About Kruskal's algorithm

So, I read the Kruskal algorithm from CLRS, and guess what? there are a lotta things to be remembered!

So, the implementation (pseudo code) of this algorithm is something like:
      MST-KRUSKAL($G$,$w$)

1.  $A = \phi$
2. for each vertex $v \in G.V$
3.       MAKE-SET($v$)
4. sort the edges of $G.E$ into nondecreasing order by weight $w$
5. for each edge $(u,v) \in G.E$, taken in nondecreasing order by weight
6.       if  FIND-SET($u$) $\neq$ FIND-SET($v$)
7.             $A = A \cup \{(u,v)\}$
8.             UNION$(u,v)$
9. return $A$ 

Implementation of sets is done via disjoint-set forests (section 21.3), which use union-by-rank and path-compression optimizations, to get a total running time of $O(m \alpha(n))$ where, $m$ is the total number of MAKE-SET, FIND-SET and UNION operations, and $n$ are the total MAKE-SET operations (which, obviously are always less than $m$).

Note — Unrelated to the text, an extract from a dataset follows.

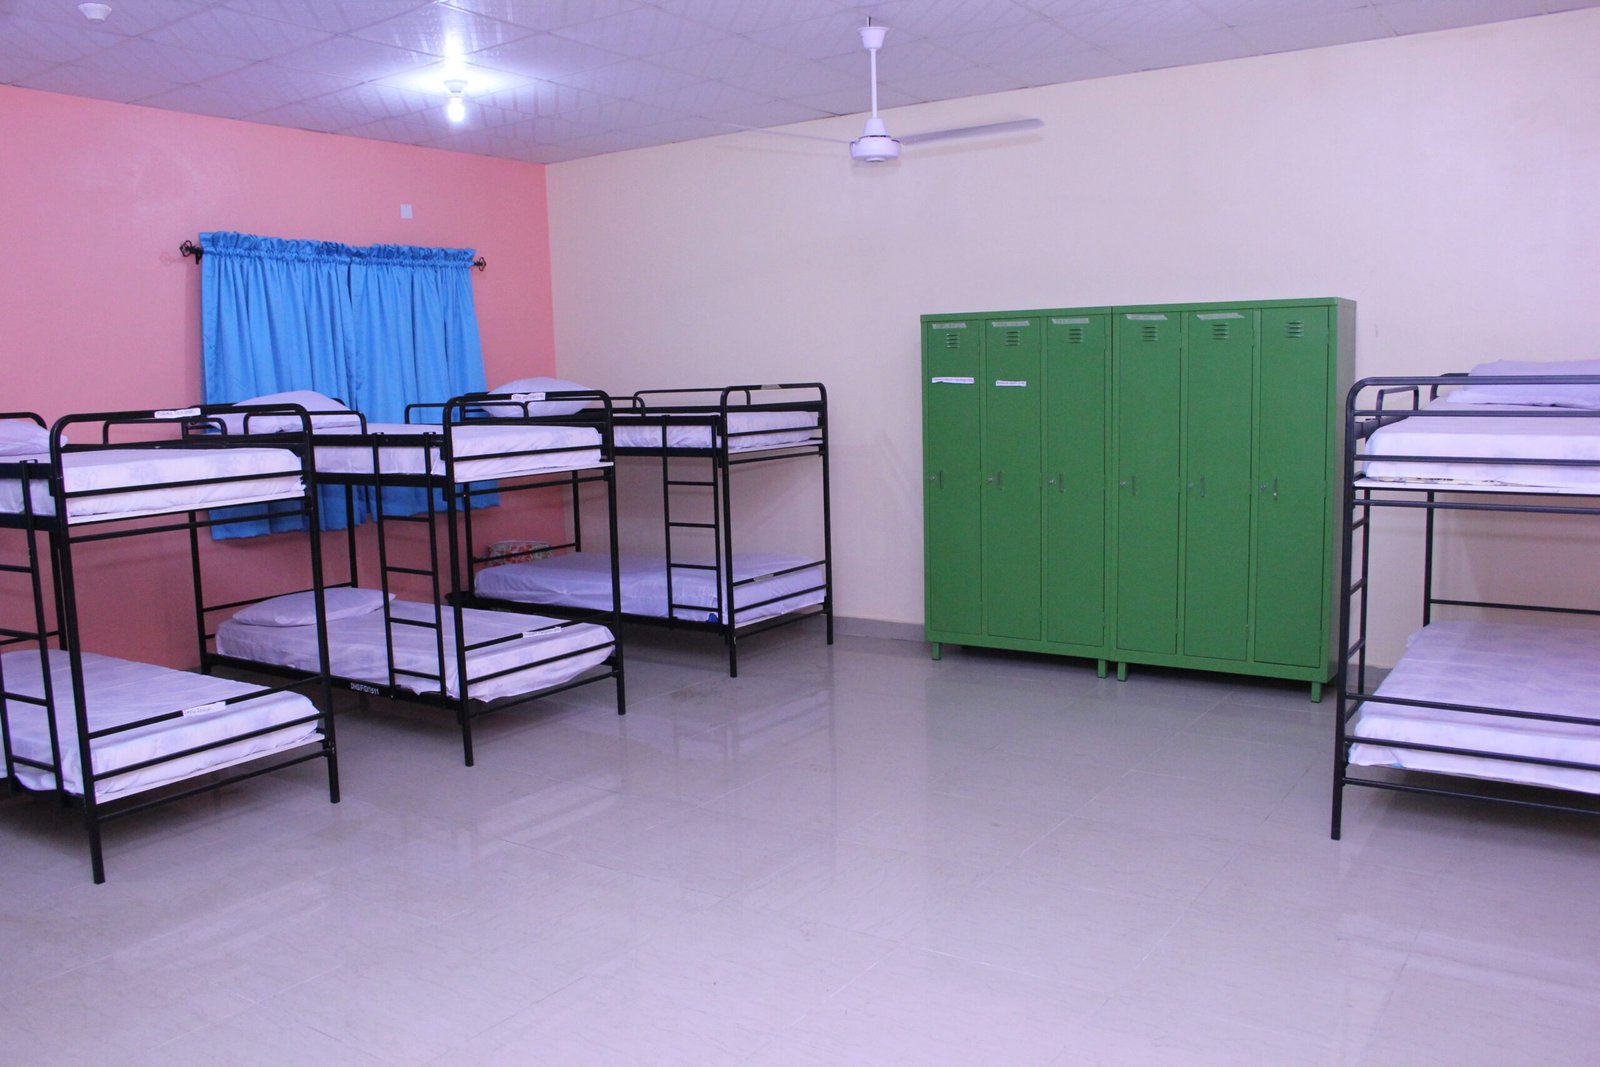 School hostel

Now, Kruskal algorithm basically connects two components of the graph $G$, via a light edge. This light edge is obviously safe to add, by using the corollary 23.2. So, initially there are $|V|$ trees, and at the end of the Algorithm, there is just one tree left, connecting all the vertices.

A word about the running time:

• Sorting in line 4 takes $O(E log E)$ time
• Since there are $|V|$ MAKE-SET operations ($n = |V|$), and $m = |V|+|E|$(not considering the constants multiplied to $|E|$), therefore running time comes out to be $$(|V|+|E|)\alpha(|V|)\\ = |E| \alpha(|V|)$$
• So, the total running time is $$O(|E|log|E|+|E|\alpha(|V|)) \\= O(|E|log|E|)$$